A questão das relações humanas permeia toda a vida. As pessoas são diferentes em suas percepções de mundo e ricas em suas experiências, portanto, o convívio sempre será um tanto desafiador. Quando falamos das relações amorosas, seja morando com a pessoa ou não, tendo filhos ou não, essas dores envolvem expectativas frustradas. Muitas vezes, há uma sensação de fracasso ou rancor perante o outro e até si mesmo pelas palavras ditas sem pensar, atitudes precipitadas ou mentiras. A relação vira uma montanha-russa de sentimentos antagônicos entre rancor e amor, gerando até sintomas físicos.

Quando questiono meus clientes sobre o que aconteceu e precisa ser trabalhado, todos tendem, de alguma forma, a justificar os seus próprios comportamentos e também os do outro. E, acreditem, nem todas as condutas são justificáveis. Perceber que a responsabilidade da situação é dividida faz surgir uma real preocupação e carinho com o atual ou o antigo relacionamento. É necessário entender que a superação de toda situação inicia-se por meio do perdão, a si mesmo e com quem você divide ou já dividiu a vida.

Todo perdão precisa incluir o autoperdão, independente da justificativa para as atitudes da outra pessoa. Perdoamos a nós mesmos por aquilo que nos faz sentir culpados. Tocar a vida começa por retirar a raiva que vem de dentro. Se você quiser aprender sobre a técnica do perdão usada pela PNL, clique aqui.

Quando o relacionamento é antigo, existe insegurança quanto à capacidade de se envolver novamente, se abrir para novas pessoas e até sobre um possível recomeço na relação atual. É como se tivesse esquecido a maneira como as coisas fluíam antes desse relacionamento. Nesse caso, vale fazer uma visualização criativa, lembrando o quão bom é conhecer gente nova e ser capaz de reconstruir sua vida.
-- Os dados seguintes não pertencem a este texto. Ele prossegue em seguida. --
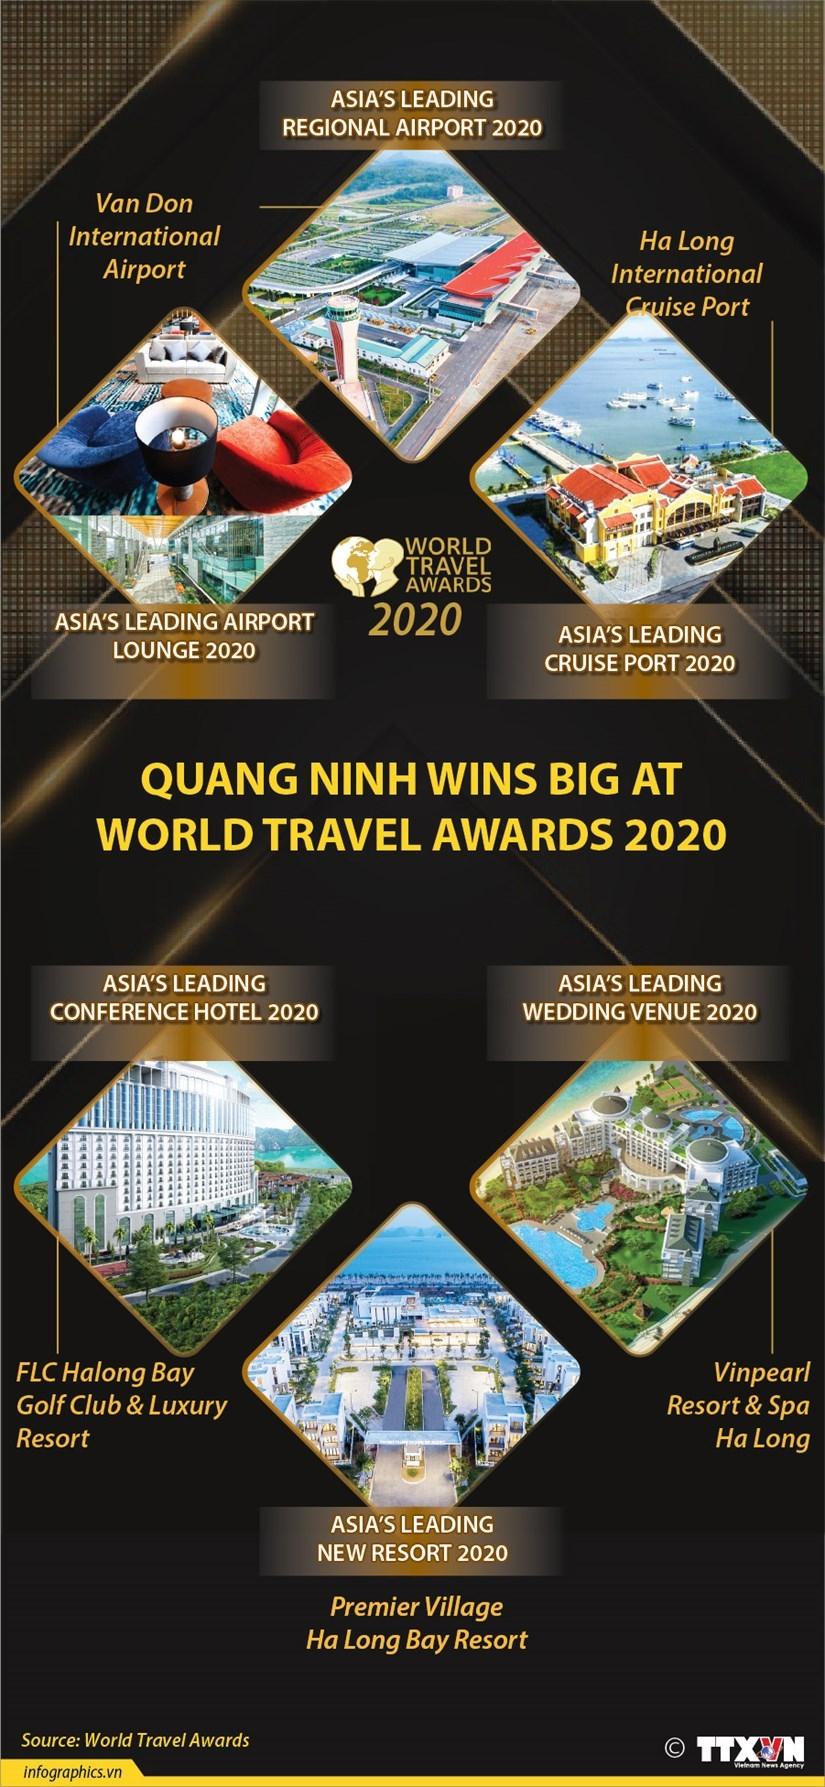 quang ninh wins big at world travel awards 2020

Se possível, traga uma dessas pessoas à mente e se imagine no lugar dela. Mas, principalmente, resgate todos os motivos saudáveis e positivos pelos quais você merece um relacionamento muito bom.

Outra etapa importante é melhorar a comunicação com todos os envolvidos, principalmente com o (a) ex ou atual. Para isso, não são utilizadas as mesmas técnicas de uma negociação, basta se colocar no lugar do outro. O objetivo é criar a empatia que desapareceu em algum momento do relacionamento.
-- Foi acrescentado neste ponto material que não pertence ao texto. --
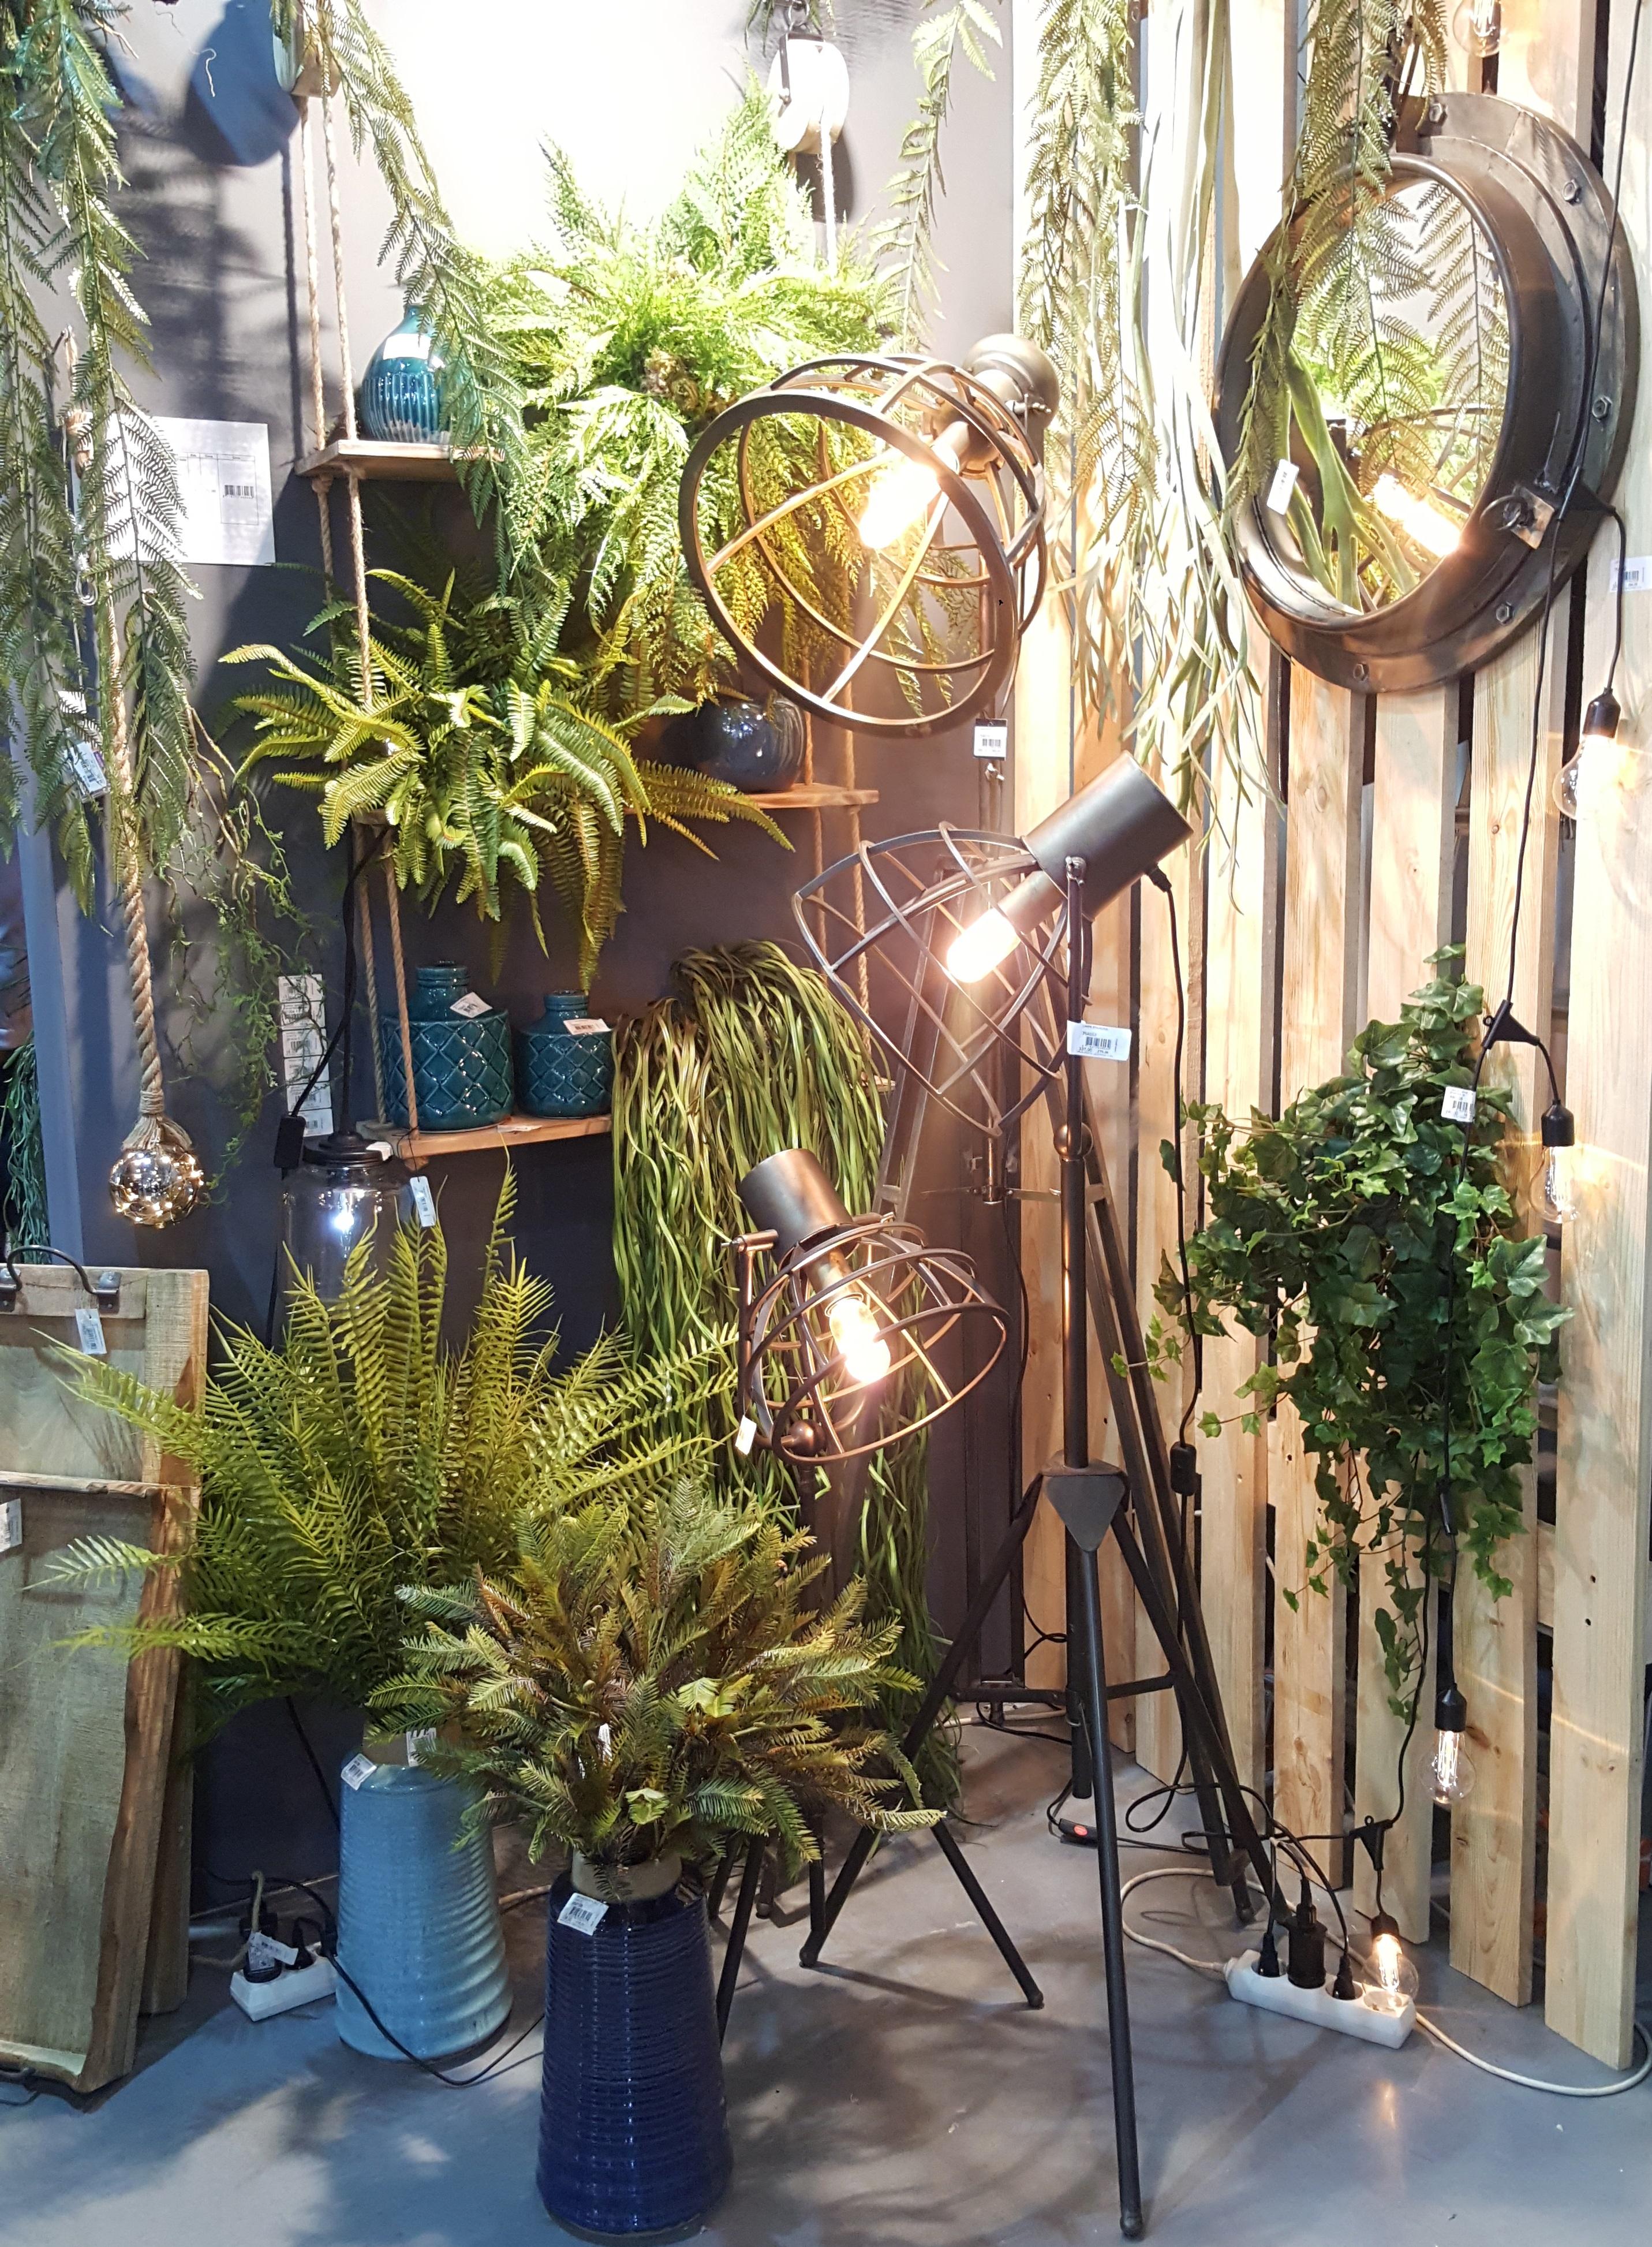 Kompozycja z roślin doniczkowych i lamp

A mente processa tudo o que vemos, ouvimos e sentimos. O tempo todo, usando omissão (esquecimento pontual), generalização e distorção. Na verdade, está tudo guardado em nosso subconsciente, muito mais do que sabemos conscientemente.

A dica é escrever ou dizer para si tudo que vier à mente sobre a pessoa e a situação. A partir disso, você pode dar um passo para o lado ou mudar de cadeira. Metaforicamente, entrar no corpo e mente, se tornar a outra pessoa. Agora, escreva ou fale sobre você e a situação do ponto de vista dela. É a empatia que nos faz melhores, é ela que nos faz entender e aceitar as diferenças. Acredite: esse breve exercício pode ser transformador.

As dicas aqui são simples, mas podem ter grandes resultados, inclusive quando o relacionamento está bem. Experimente!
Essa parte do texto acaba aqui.